*ASSIGNMENT*
The copy you print must match the listing exactly, with its pictures removed.

*INFORMATION SHOWN*
|---|

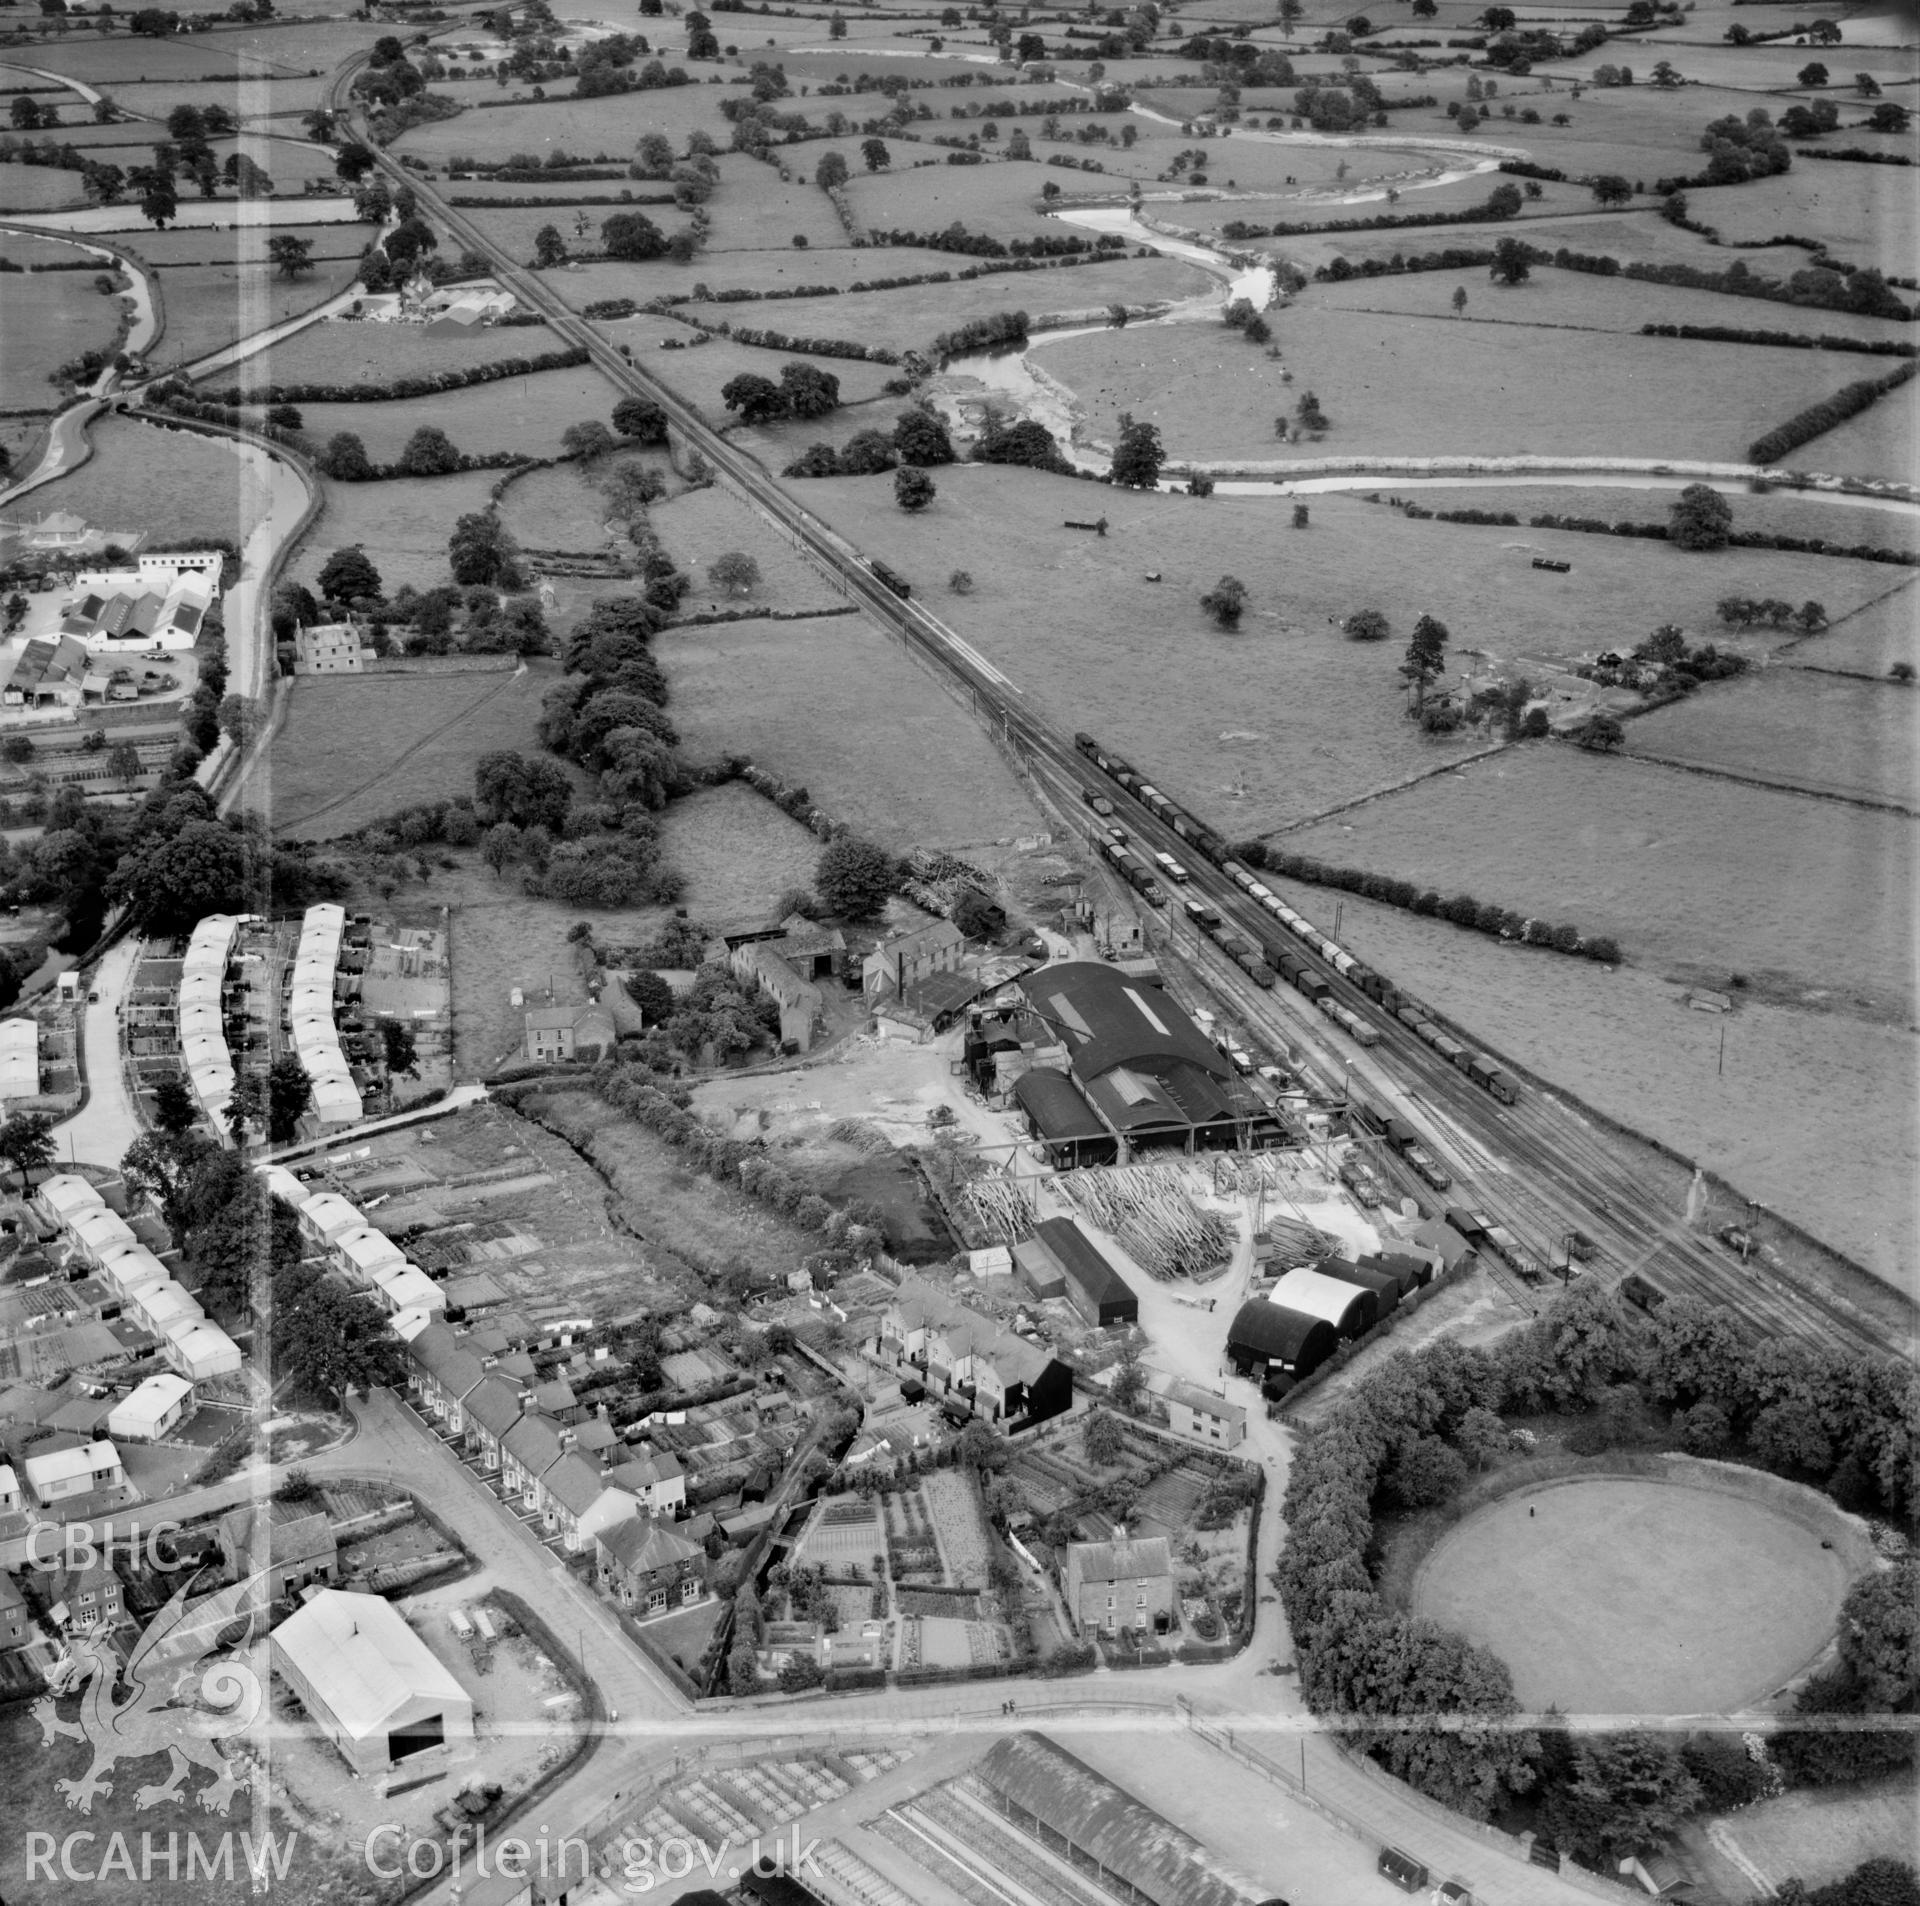 View of Welshpool showing Boys & Boden Ltd., Mill Lane. Welshpool
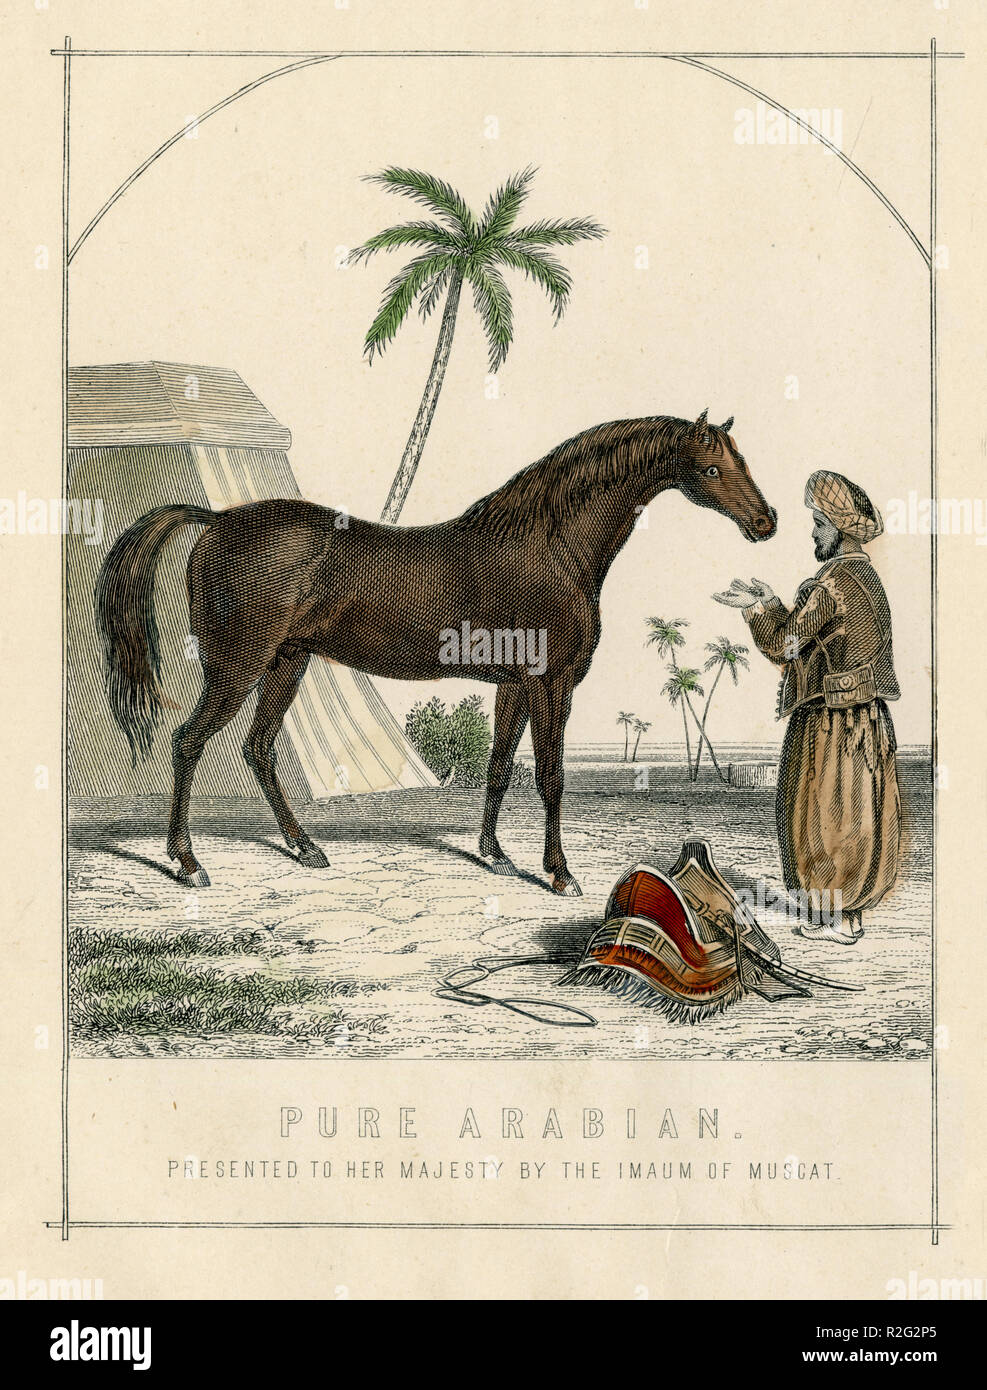 Arabian Horse: die "Reine" 1001. Ihrer Majestät der Imaum von Muscat', William Mackenzie vorgestellt Stockfoto
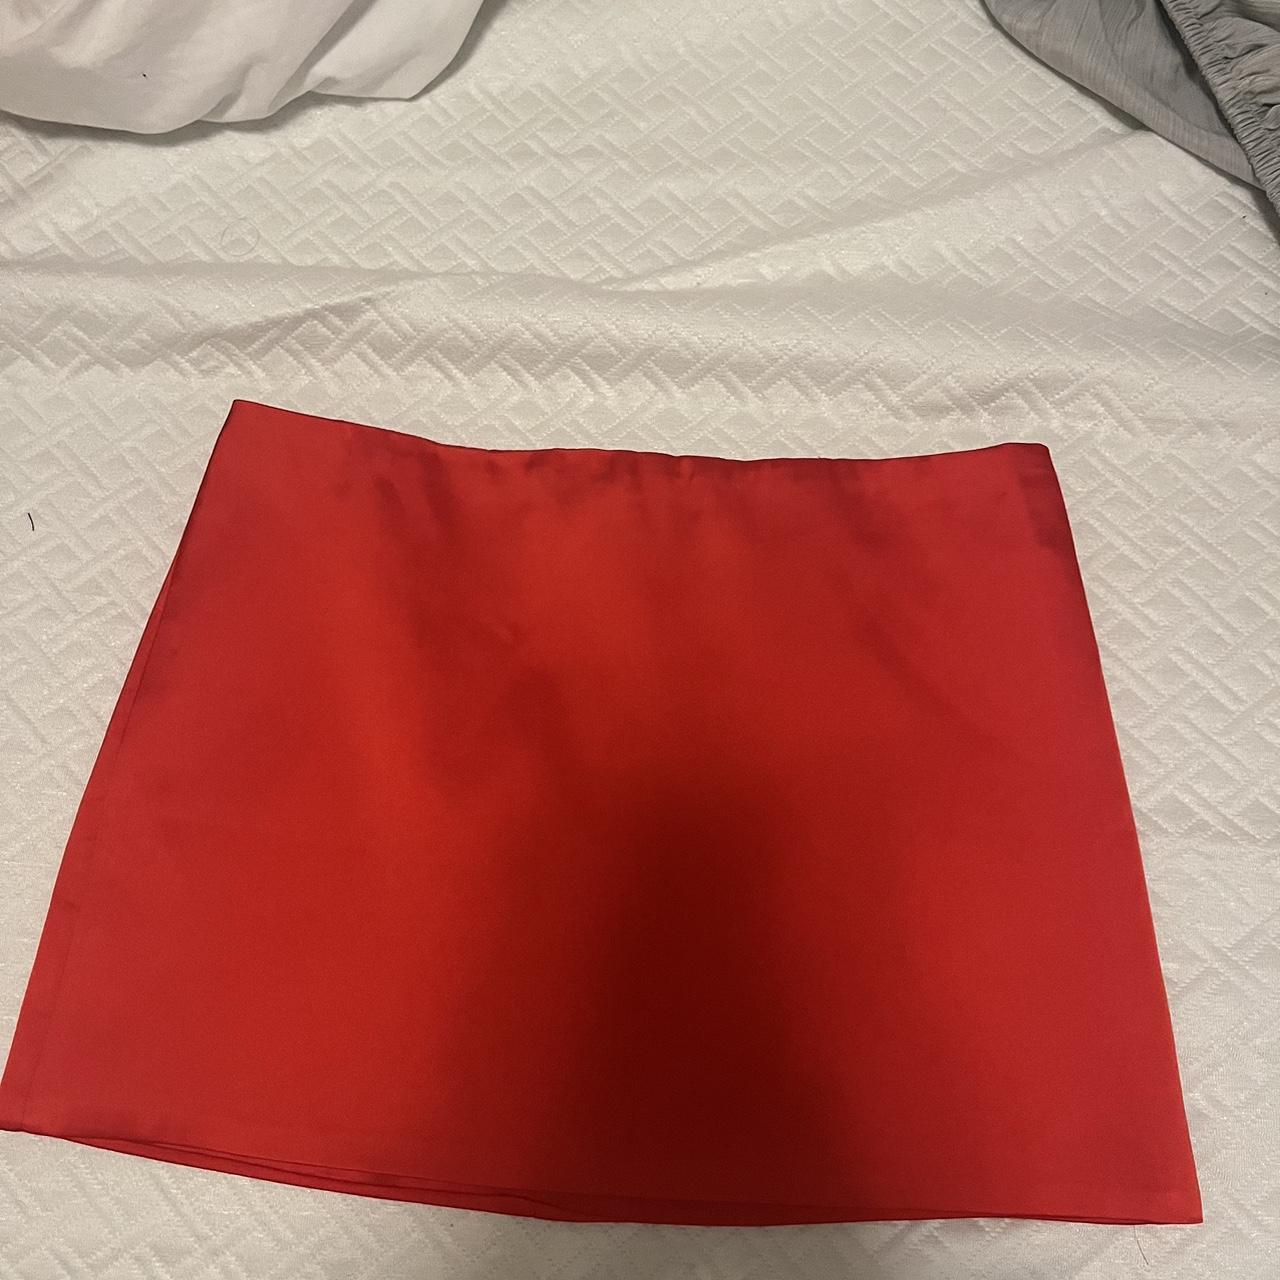 Edikted Red Satin mini skirt -bought online never... - Depop

|---|

*SOLUTION TO THE EXERCISE*
 View of Welshpool showing Boys & Boden Ltd., Mill Lane. Welshpool
 Arabian Horse: die "Reine" 1001. Ihrer Majestät der Imaum von Muscat', William Mackenzie vorgestellt Stockfoto
 Edikted Red Satin mini skirt -bought online never... - Depop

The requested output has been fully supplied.